= INSTRUCTIONS TO FOLLOW =
Return the data below unaltered, but strip out the pictures.

= DATASET SECTION =
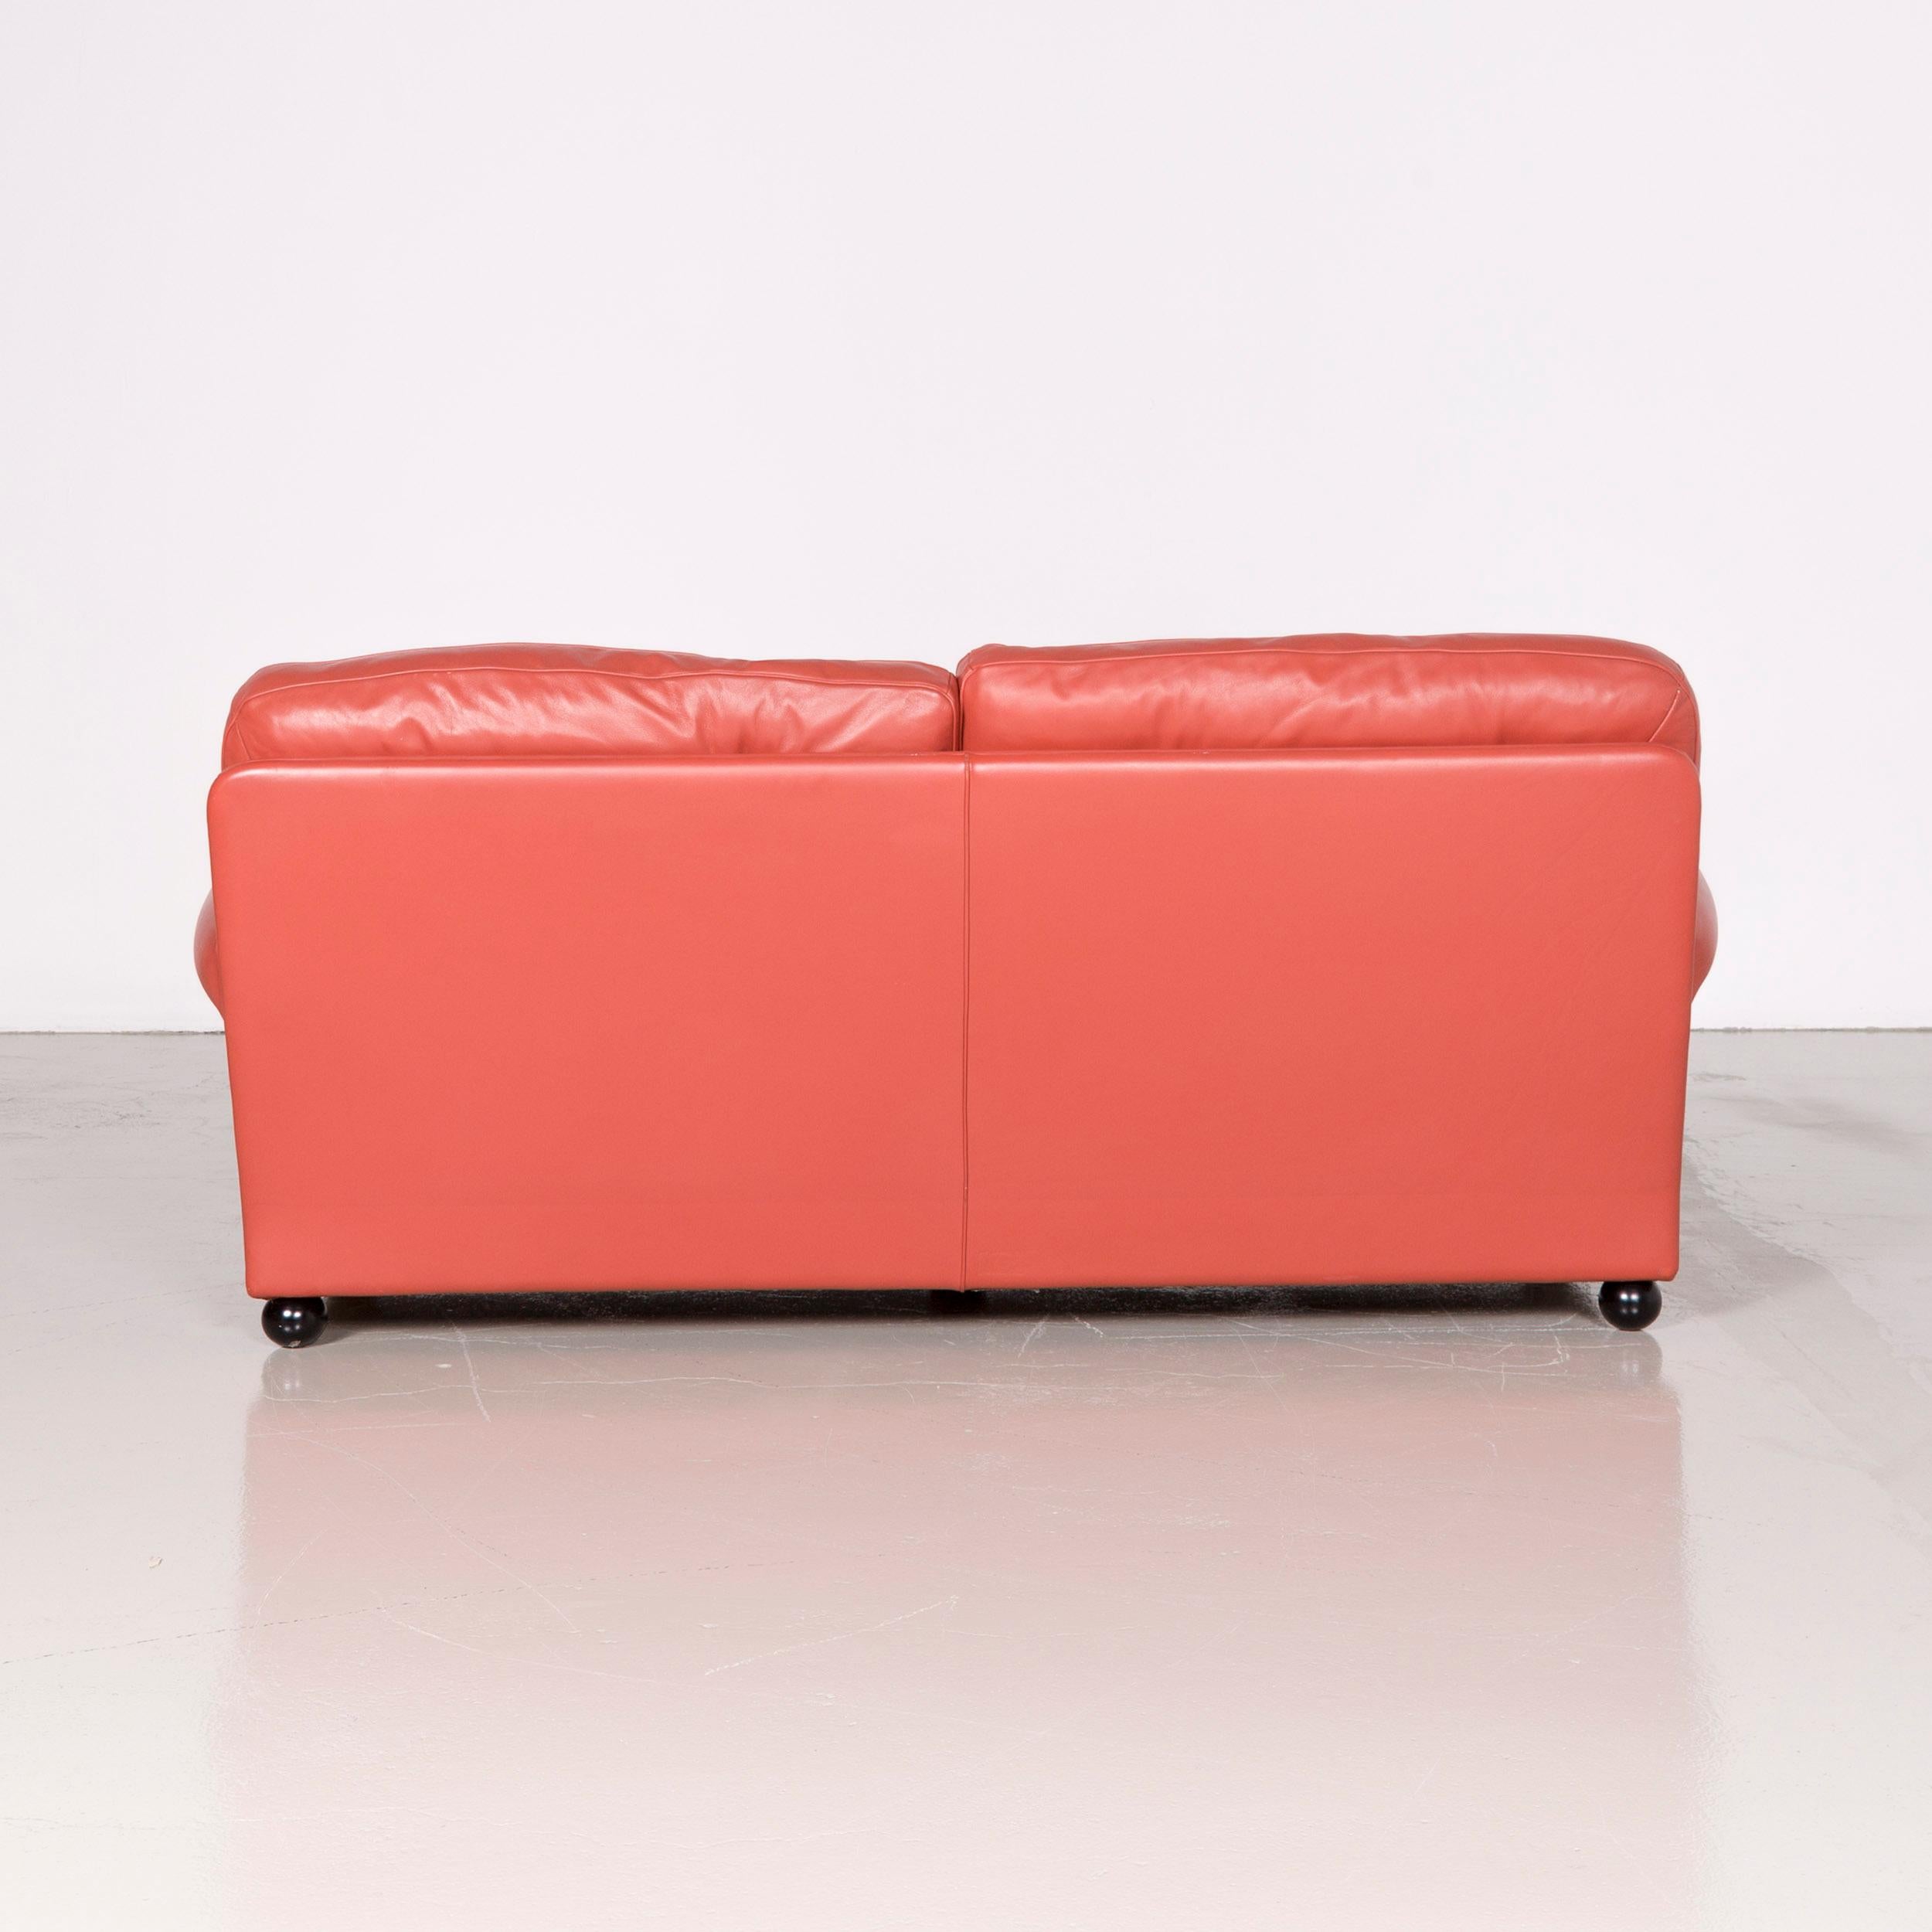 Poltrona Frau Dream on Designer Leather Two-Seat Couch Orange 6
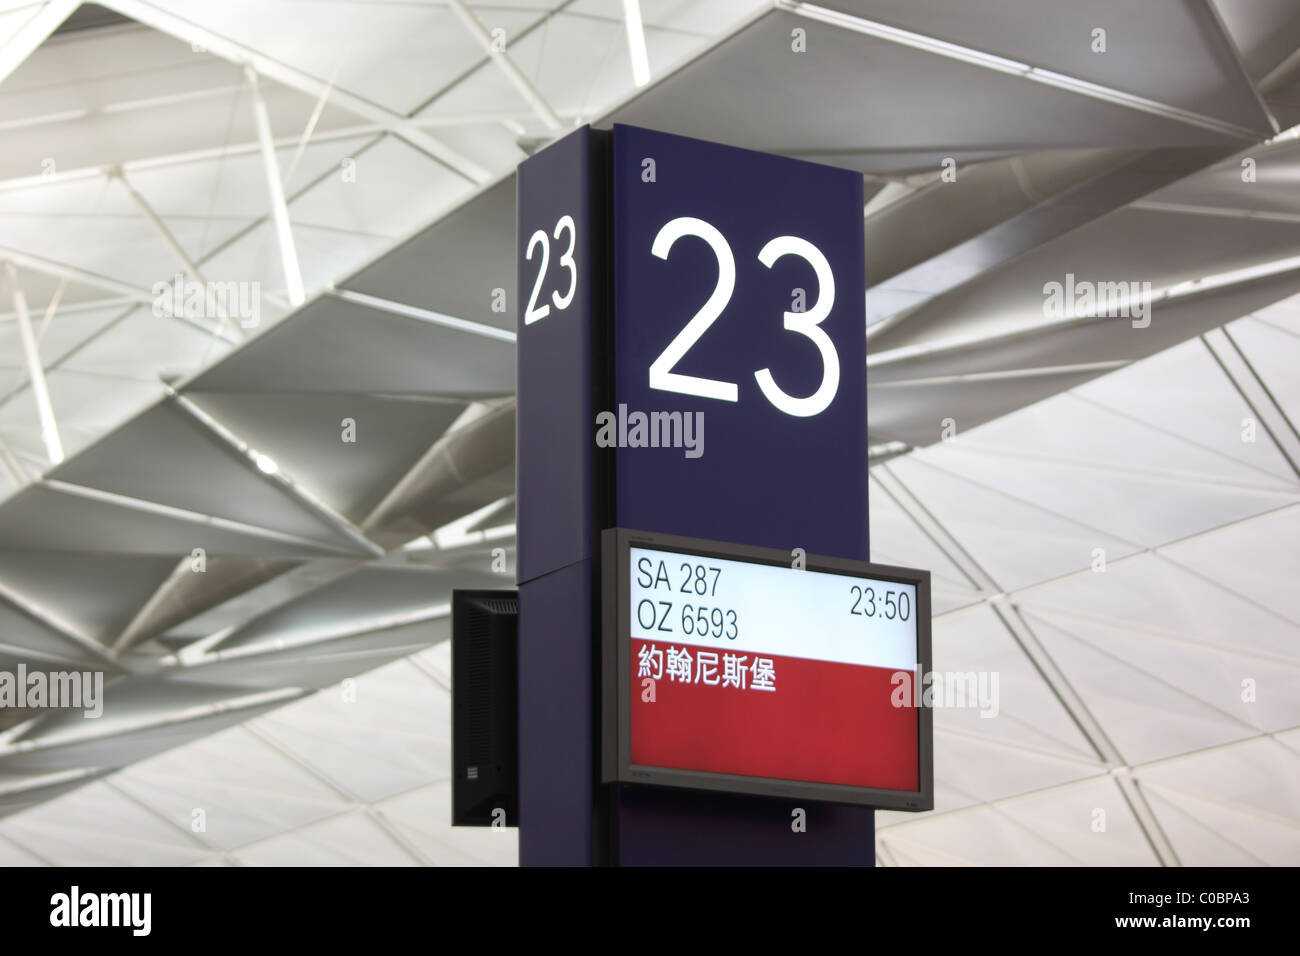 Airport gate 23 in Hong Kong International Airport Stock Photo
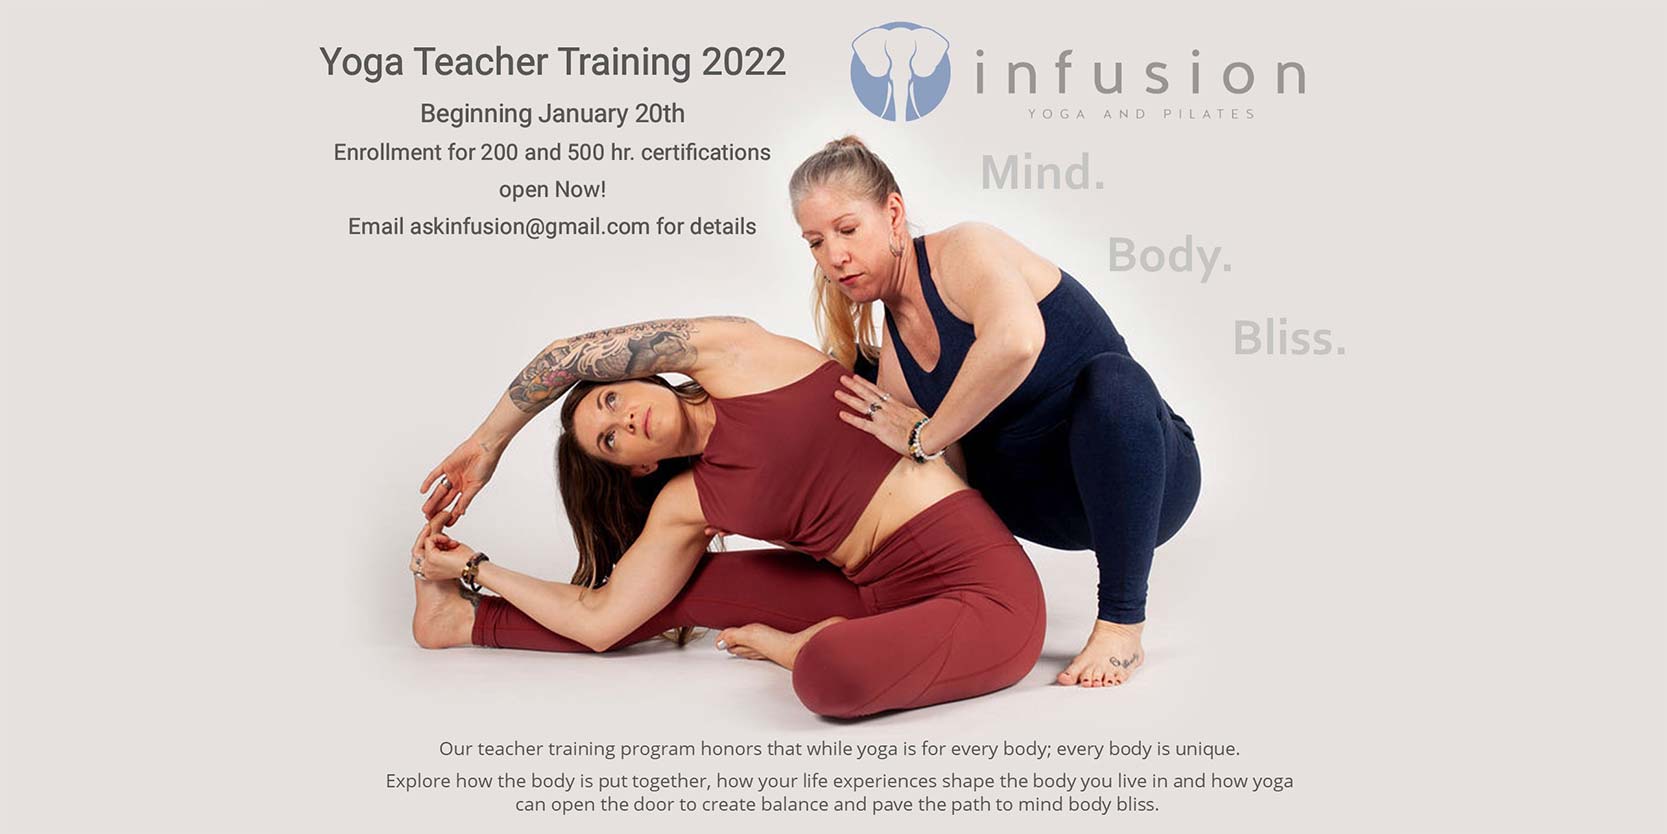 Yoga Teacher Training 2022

= THE COMPLETED TASK =
 Poltrona Frau Dream on Designer Leather Two-Seat Couch Orange 6
 Airport gate 23 in Hong Kong International Airport Stock Photo
 Yoga Teacher Training 2022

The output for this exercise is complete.